Before the invention of the magnetic compass, navigating with a sundial would have been difficult, particularly on overcast days. Ancient Viking lore suggests that they had a magical tool to find the sun, even when the star was hidden.

Researchers have now discovered the crystal that would have made such a magical apparatus possible. The Vikings could have used a common calcite crystal, called an Icelandic spar, to find the sun in the high latitudes where they would have had to battle long twilights and cloudy skies to navigate. This special "sunstone" could find the direction of the sun even when it was out of view because it plays a trick with the light.

"The Vikings could have discovered this, simply by choosing a transparent crystal and looking through it through a small hole in a screen," study researcher Guy Ropars wrote in an email to LiveScience. "The understanding of the complete mechanism and the knowledge of the polarization of light is not necessary."

Finding the sun

To use the crystal, the Vikings would have held the stone up to the center of the sky (from their perspective). When sunlight hits the crystal, that light gets polarized and broken into an "ordinary" and an "extraordinary" beam.

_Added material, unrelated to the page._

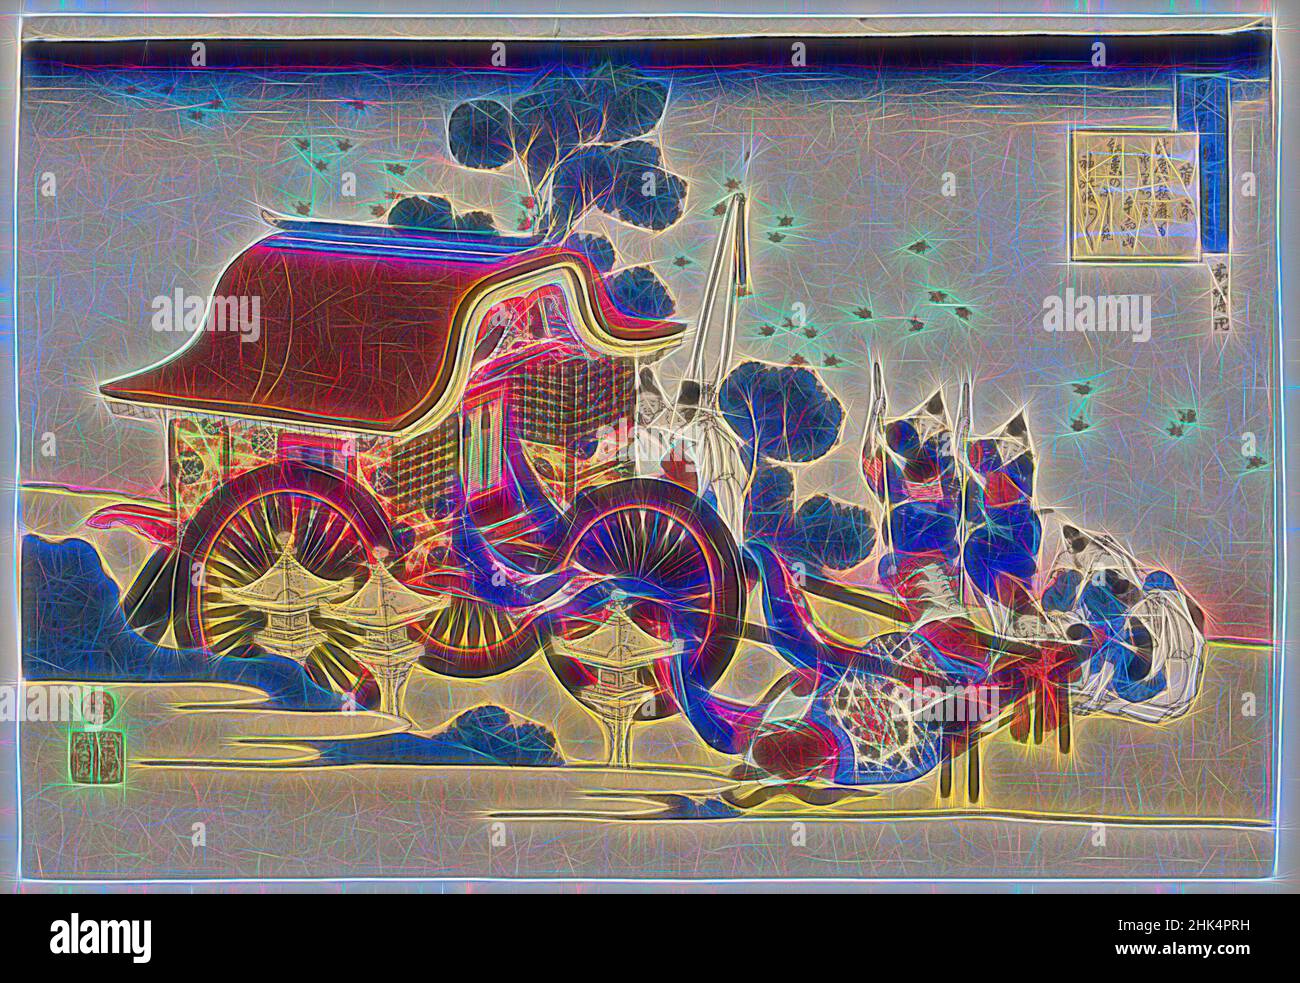 Inspiriert von einem Gedicht von Kanke, aus der Serie Hundert Gedichte Explained by the Nurse, Katsushika Hokusai, japanisch, 1760-1849, Farbholzschnitt auf Papier, Japan, ca. 1835-1836, Edo-Periode, 10 3/16 x 14 3/4 Zoll, 25,8 x 37,5 cm, neu erfunden von Artotop. Klassische Kunst neu erfunden mit einem modernen Twist. Design von warmen fröhlichen Leuchten der Helligkeit und Lichtstrahl Strahlkraft. Fotografie inspiriert von Surrealismus und Futurismus, umarmt dynamische Energie der modernen Technologie, Bewegung, Geschwindigkeit und Kultur zu revolutionieren Stockfoto

On a clear day, the Vikings would have rotated the crystal until the two beams lined up. Since these two beams line up and have the same brightness at only one angle, by noting where the sun is when this happens the Vikings could establish a reference point that could be used even when the sun wasn't visible.

There are several other types of crystal that have this same property, but they wouldn’t have been too useful because they aren't as clear or as common, the researchers said. The Icelandic spar that the researchers analyzed is very common along the coasts of Iceland, and is also common today in Brazil and Mexico.

The real sunstone?

While none of these Icelandic spar crystals has been found in a Viking settlement, one was recently discovered in an Elizabethan shipwreck from 1592 in the English Channel. The researchers are currently confirming that this crystal could have been used to find the sun when it was out of sight, which they think might be true because a large cannon on board the ship would have interfered with a magnetic compass.

The research is a theoretical confirmation of previous research by another lab suggesting these kinds of crystals could be useful to find the sun. In their laboratory at Rennes, France, they say a prototype sunstone compass they made using calcite works particularly well (even with the naked eye) when the sun is beyond the horizon and even after the stars come out.

Polarized light is also widely used by animals in nature, to create colorful shells and as a way to see the world around them.

The study was published Nov. 1 in the journal Proceedings of the Royal Society A: Mathematical Physical & Engineering Sciences.